Defects in molecular and genetic mechanisms associated with AA ESCC are not well defined due, in part, to its under-representation in epidemiological studies11,12,15. Hence, the biological basis for the lethality and aggressiveness of AA ESCC remains to be fully understood16. In our earlier studies, we conducted the first comparative genomic hybridization (CGH) analysis in AA ESCC that revealed widespread chromosomal imbalances and prominent abnormalities throughout the AA ESCC genome17. We performed gene expression profiling in AA ESCC tumors, which revealed a profound disruption of genes involved in various pathways including stress response and detox pathway, integrin signaling, and protein ubiquitination18. This study identified uniquely impaired biological processes in AA ESCC, which partially overlapped with findings in ESCC patients of Asian origin18.

In our current study, we sought to identify somatic mutations in the AA ESCC genome by whole-exome sequencing (WES). We identified two subgroups of ESCC based on tumor mutation burden (TMB) and revealed recurrent novel SCNAs in cancer-related genes. We performed analysis based on COSMIC and detected signatures SBS16 and SBS26 that might contribute to AA ESCC pathogenesis. These deleterious alterations may play a role in the aggressive nature of the disease in the AA population. Further analysis in a larger set of AA ESCC may lead to the identification of AA ESCC specific clinical biomarkers and therapeutic targets.

Result

Whole-exome sequencing reveals a complex mutation profile, and SCNAs in AA ESCC

Whole-exome sequencing was performed on matched normal-tumor samples from 10 AA patients (nine males and one female) with advanced-stage ESCC, with ages ranging from 53 to 80 years (Supplementary Table S1). All patients, except for one, reported tobacco use and alcohol consumption. We employed an analysis pipeline delineated in Supplementary Fig. S1 that involved rigorous quality control (QC) and filtering mechanisms, along with methods described in the Genome Analysis Toolkit (GATK) Best Practices (https://gatk.broadinstitute.org/hc/en-us). Somatic single nucleotide variants (SNVs) and short insertion-deletions (InDels) called by at least two of three variant calling algorithms were filtered by a read-depth of 50 × or higher. This analysis included variant allele frequency (VAF) > 5% and rare variants with < 1% minor allele frequency (MAF) in African population (Supplementary Fig. S1).

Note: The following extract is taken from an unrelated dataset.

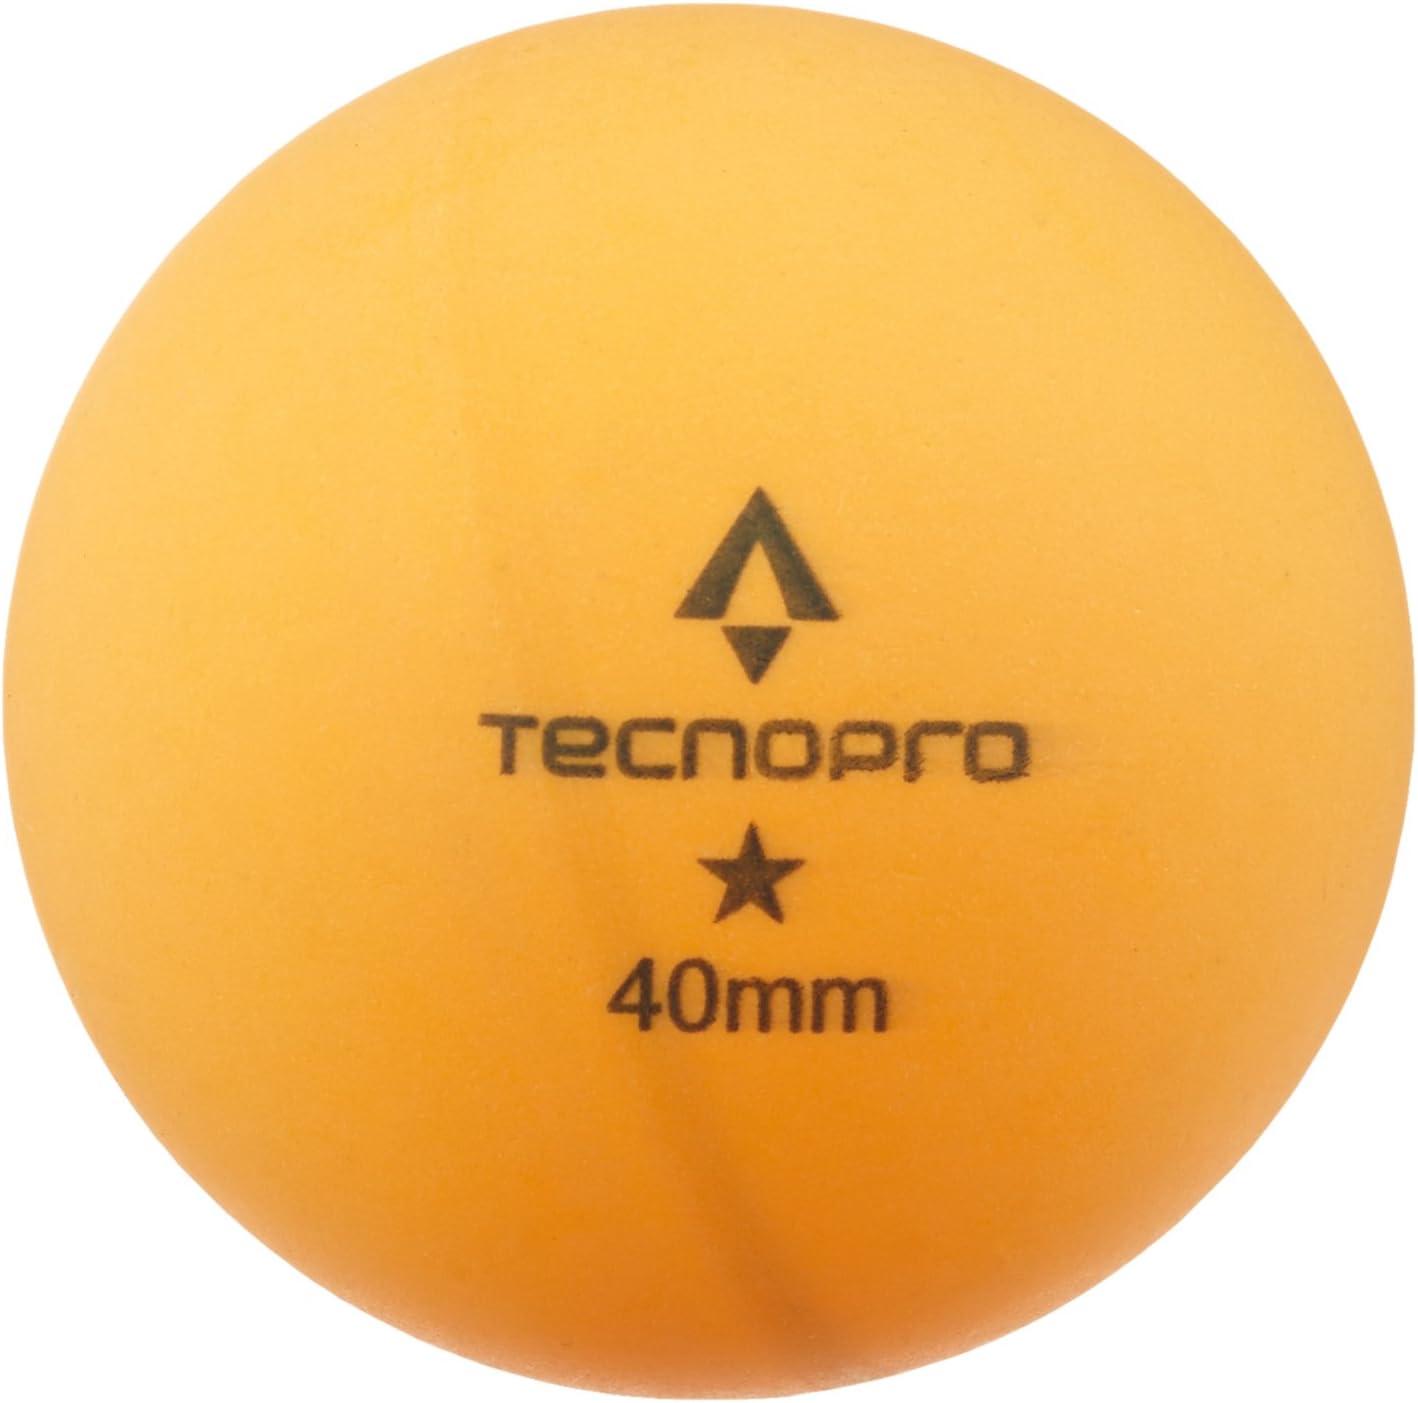 Tecno Pro Unisex Pelota de Tenis de Mesa de 1Estrella de Tenis de Mesa de Entrenamiento

We identified predominantly C > T substitution in the majority of the samples (Fig. 1a). Transition to transversion ratio (Ti/Tv) was 2.4 (Fig. 1b). Samples T9 and T15 demonstrated significant C > A transversion (Fig. 1c). Missense mutations (N = 3682) constituted the primary type of alteration in the coding region of tumor samples (Fig. 1d). Nonstop (stop-loss) was rare (N = 23). A median of 270 variants per sample was revealed in our cohort (Fig. 1e) (Supplementary Table S2). Five samples (T1, T6, T5, T7, and T14) displayed a high tumor mutation burden (TMB) referred to as High Mutation Rate (HMR) samples. In each of these samples, nonsynonymous mutations ranged from 377 to 813 (Table 1). In contrast, low TMB or Low Mutation Rate (LMR) was detected in T8, T9, T15, T16, and T19, each sample showed a median of 29 (ranging from 5 to 44) nonsynonymous coding mutations (Table 1).

Figure 1
figure 1

Summary of exome sequencing and tumor mutation burden (TMB). (a) Proportion of somatic substitution types in processed and filtered SNVs. (b) The ratio of somatic transition to transversion of AA ESCC cohort. (c) The proportion of somatic substitution types (C > T, red, T > C, yellow, C > A, blue, C > G, purple, T > G, orange, T > A, green) in each tumor samples. (d) The proportion of mutation types in the samples, missense mutations (green), in frame deletions (yellow), frameshift deletions (blue), in frame insertions (brick red), frameshift insertions (purple), nonsense mutations (bright red), changes in the splice sites (orange), and nonstop mutations (light blue). (e) Number and types of variants found in each sample. (f) The comparison of mutation burden of AA ESCC pilot cohort across TCGA datasets. Our samples are indicated by red rectangle and arrows. Y-axis is the total number of non synonymous mutations found in each tumor sample.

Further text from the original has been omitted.